CSF (ConfigServer Security & Firewall) è una soluzione pratica per hardening e controllo del traffico su server Linux. Su Debian 12 il punto chiave non è solo l’installazione, ma verificare prima il backend firewall effettivo, perché Debian 12 usa nftables come stack moderno e CSF può lavorare con iptables tramite compatibilità o con integrazione adeguata a seconda del setup.

Se il server è in produzione, l’obiettivo non è “chiudere tutto”, ma ridurre l’esposizione senza interrompere SSH, pannelli, mail o servizi pubblici. Prima di toccare il firewall: capire quali porte devono restare aperte, da quali IP amministri il server e se hai accesso console fuori banda o KVM nel caso qualcosa vada storto.

Prima di installare: verifica del layer firewall

Su Debian 12 devi capire se il sistema usa nftables direttamente o se hai già regole iptables compatibili. Questo evita conflitti e lockout.

sudo nft list ruleset | head -n 40
sudo iptables -S 2>/dev/null | head -n 40
sudo systemctl status nftables --no-pager

Se vedi regole nftables già attive, non dare per scontato che CSF possa essere aggiunto senza impatto. Se il server è dietro un provider con firewall esterno o security group, considera quel layer prima del firewall locale: potresti vedere traffico bloccato fuori dal sistema, e CSF non risolverebbe nulla.

Controlla anche i servizi esposti:

sudo ss -tulpn

Annota porte e processi. Ti serve per costruire la whitelist minima: SSH, HTTP/HTTPS, mail, DNS, database solo se davvero esposti, e porte dei pannelli se presenti.

Installazione di CSF su Debian 12

La procedura classica consiste nel scaricare CSF, estrarlo e lanciare l’installer. Fallo solo dopo aver verificato che hai una sessione di accesso robusta e un piano di rollback.

cd /usr/src
sudo wget https://download.configserver.com/csf.tgz
sudo tar -xzf csf.tgz
cd csf
sudo sh install.sh

L’installer crea i binari in genere sotto /usr/local/csf/ e aggiunge gli script necessari. Al termine verifica che i file principali esistano:

ls -l /usr/local/csf/

Se il download fallisce, non inventare workaround: controlla connettività, DNS e TLS del server. Se l’installazione termina ma il firewall non parte, il problema spesso è la compatibilità con il backend o la presenza di regole preesistenti.

Configurazione iniziale: aprire solo ciò che serve

Il file principale è /etc/csf/csf.conf.
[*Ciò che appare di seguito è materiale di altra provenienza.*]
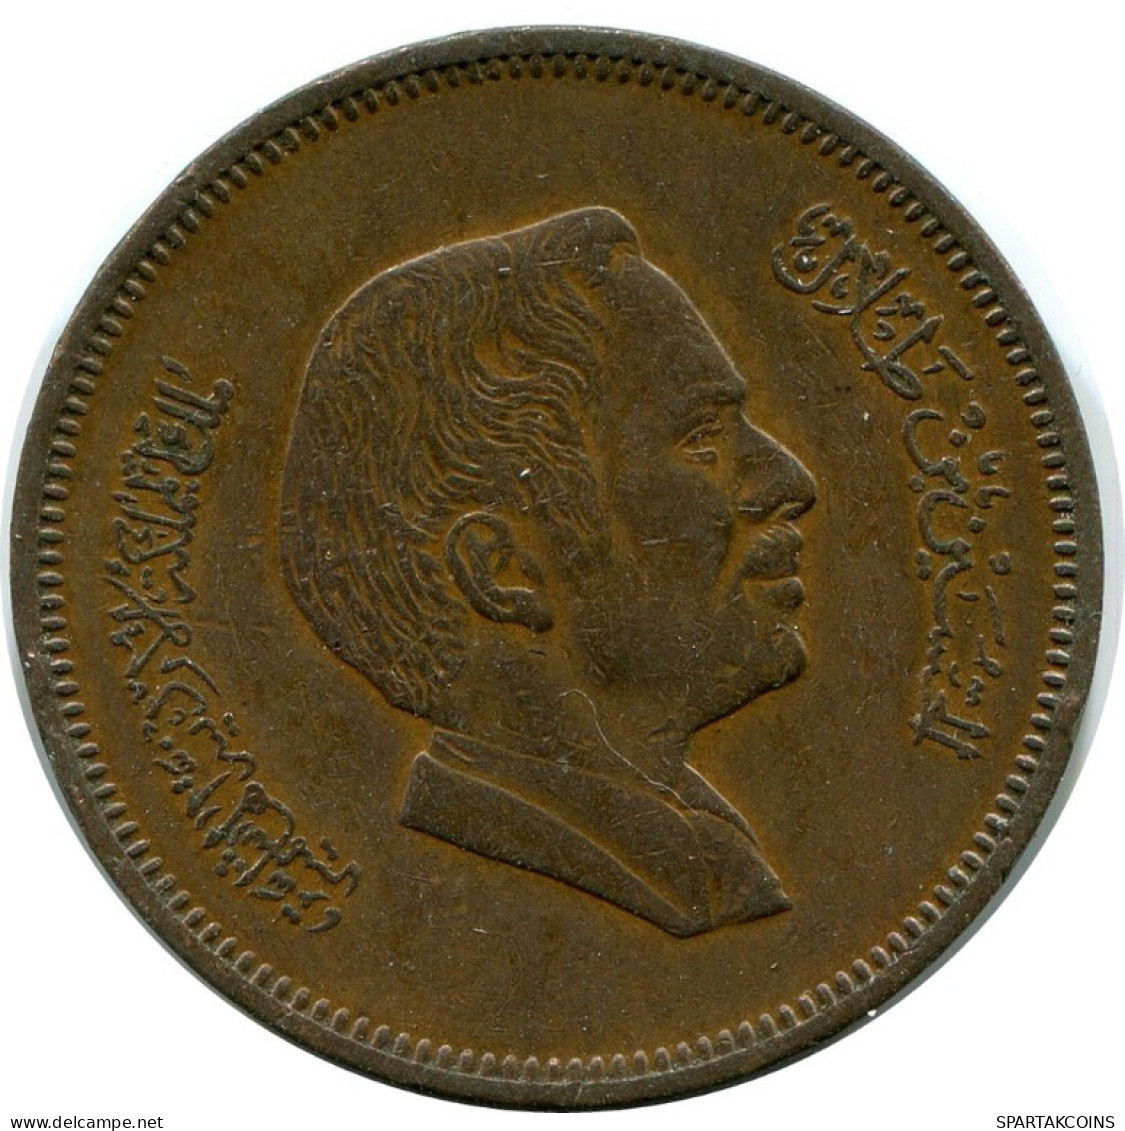 10 FILS 1398-1978 JORDAN Islamic Coin #AK148.U.A - Jordanien

Prima di modificarlo, fai un backup versionato:

sudo cp /etc/csf/csf.conf /etc/csf/csf.conf.bak.$(date +%F-%H%M)

Le impostazioni minime da controllare subito sono queste:

  • TESTING: deve essere temporaneamente attivo durante i test iniziali, poi va disattivato.
  • TCP_IN: porte in ingresso consentite.
  • TCP_OUT: porte in uscita necessarie per aggiornamenti, mail, DNS, repository.
  • UDP_IN: solo se servono servizi UDP pubblici.
  • DENY_IP_LIMIT e parametri di rate limiting: valuta con cautela, perché possono bloccare client legittimi.

Apri il file e modifica solo il necessario. Esempio tipico per un web server con SSH, HTTP e HTTPS:

sudo nano /etc/csf/csf.conf

Valori indicativi da adattare al tuo caso:

TCP_IN = "22,80,443"
TCP_OUT = "20,21,22,25,53,80,443,587,993,995"
TESTING = "1"

Non prendere questi valori come universali. Se ospiti mail, DNS o pannelli, le porte cambiano. Se SSH è su porta diversa, inserisci quella reale prima di attivare il firewall.

Whitelist amministrativa e protezione da lockout

La parte più importante è non tagliarti fuori. Inserisci gli IP da cui amministri il server in /etc/csf/csf.allow oppure tramite gli strumenti CSF. Se hai IP statici, è la scelta più semplice; se hai IP dinamici, valuta una VPN o un accesso console alternativo.

sudo nano /etc/csf/csf.allow

Puoi anche gestire allow/deny con gli strumenti del pacchetto:

sudo csf -a 203.0.113.10 "admin office"
sudo csf -d 198.51.100.25 "temporary block"

Usa queste funzioni con disciplina: ogni eccezione va motivata e, se temporanea, rimossa. Un firewall pieno di eccezioni perde efficacia e diventa difficile da auditare.

Se gestisci più operatori, documenta gli IP autorizzati. Se lavori da rete variabile, non fare affidamento su una whitelist statica senza un canale di accesso alternativo.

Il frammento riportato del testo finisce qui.